Философия Стэнли Кубрика:
от Алекса до Барри Линдона и обратно

Стэнли Кубрик, несомненно, философ. И, может быть, в большей степени философ, чем многие кинематографисты, потому что ему удалось изобразить не просто конкретного человека, а человека вообще. Джон Бакстер пишет, что «Кубрик всю жизнь придерживался манихейского взгляда на бытие»[25]. Английский критик Эдриен Тернер заметил, что фильмы Кубрика ставят вопросы «универсального природного зла»[26]. Манихейский конфликт света и тьмы в человеке принимает форму конфликта сознательного и бессознательного, Эроса и Танатоса, человека и общества. Уже по употребляемым мной терминам можно понять, что Кубрик близок к Фрейду. Теория архетипов Юнга очень активно используется Кубриком для создания образов через обращение к мифам, ритуалам и обрядам.

Может быть, одна из самых актуальных пар противоположностей, которые составляют философию Кубрика,—это дионисийское и аполлоническое начало. Ницше с его волей к власти, культом тела и бешеной энергией вообще очень органичен для кубриковского мира. Какие-то позиции относительно проекции философии Ницше на картины Кубрика я приведу ниже.

Одна из центральных тем Кубрика—тяга к разрушению, насилие, де-структивность человека, что и послужило поводом сравнить «Анатомию человеческой деструктивности» Фромма с фильмами Кубрика, главным образом с «Механическим апельсином».

Кубрик и Фромм,
или К экранизации «Капитала»

Пласт философии Кубрика, связанный с современным ему обществом, во многом пересекается с философией другого исследователя этого же общества Эрихом Фроммом. Картина Стэнли Кубрика «Механический апельсин» была выпущена в прокат в 1971 году. Книга Эриха Фромма «Анатомия человеческой деструктивности» вышла в 1973 году, то есть почти в одно и то же время. Но фильм все-таки появился раньше книги—изображение предшествует слову, как в историческом процессе. Кубрик и Фромм в этих работах ставили сходные задачи—дать философское обобщение деструктивности, оценить состояние общества и перспективы существования человека. Предваряя это сравнение, хочу сказать, что эти исследования очень похожи, почти параллельны: наверно, сыграла свою роль близость темы—американское общество 60-70-х. Фильм Кубрика—такой же учебник, как и книга Фромма, с той лишь разницей, что читать умеют все, а культура визуального восприятия, несмотря на ее бурное развитие в последние годы, все еще находится на куда более примитивном уровне. Я выражаю свое сожаление—представляете, как обогатились бы наука и образование, вернув себе эмоции, украденные сферой развлечения. (Здесь я являюсь сторонницей Эйзенштейна, который мечтал соединить интеграл с эмоцией.)

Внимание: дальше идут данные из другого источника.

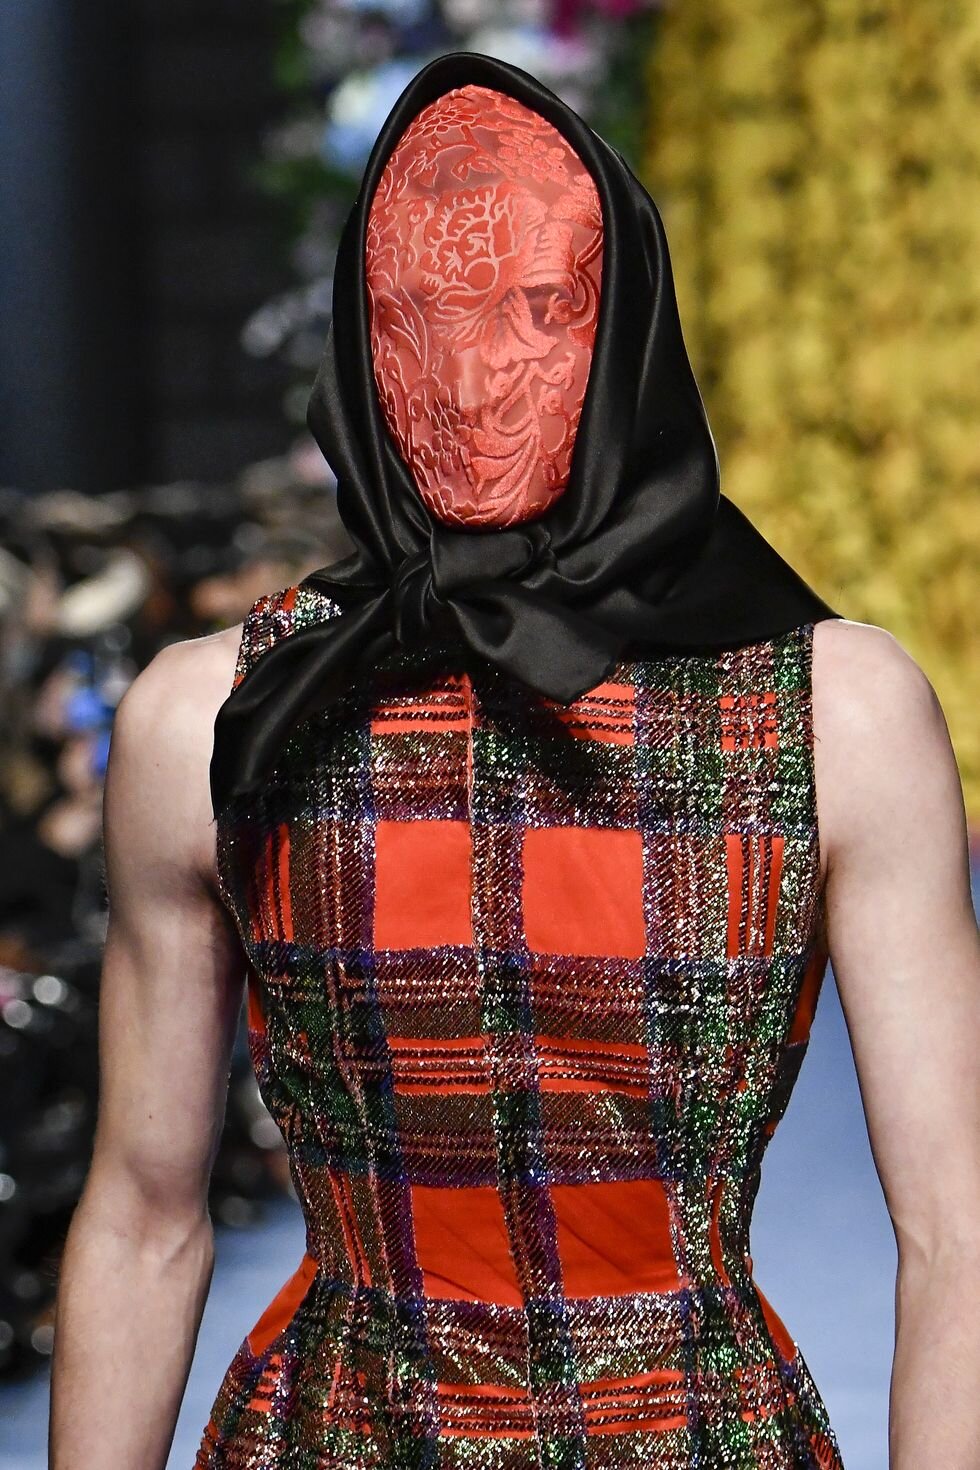 Has the last few years of “mask fashion” prepared us for a new normal ...

Мне также кажется, что визуальное исследование дает меньше возможностей для ошибочных теорий, так как это будет расцениваться как фальшь, как неправда. Научное исследование позволяет, например, просто перечислять явления, а произведение искусства, оперирующее теми же понятиями, может показать их только во взаимодействии. Это относится к любому произведению искусства, но именно кинематограф представляется мне наиболее удачным полем для исследования, например социологических явлений. Я имею в виду в данном случае не изучение зрительской аудитории, а именно показа, изображения самих явлений. «Механический апельсин» может считаться первым исследованием такого типа. Конечно, Кубрик не ставил перед собой впрямую задачи исследования деструктивности, как это сделал Фромм. Но подготовительный этап его работы над фильмом всегда напоминал научную работу классификационного толка, а в данном случае это совпало по теме, времени и объекту изучения с исследованием Фромма. Так случайно состоялся чистый эксперимент, позволяющий нам сравнить два произведения, и в результате выявить сходства и различия концепций двух философов и, что мне представляется уникальным, подойти к пониманию самой возможности оперирования философ-скими понятиями посредством визуальных образов, минуя слово. (Это напоминает нам о неосуществленной мечте Эйзенштейна об экранизации «Капитала».) Я постараюсь отметить хотя бы параллельные места этих исследований и подвести читателя к мысли о том, что Кубрик так же сознательно, как и Фромм, исследует общество и человека, и что фильмический текст может быть таким же полноценным языком, как и вербальный, и может служить для изложения философских понятий и последующего их считывания зрителем.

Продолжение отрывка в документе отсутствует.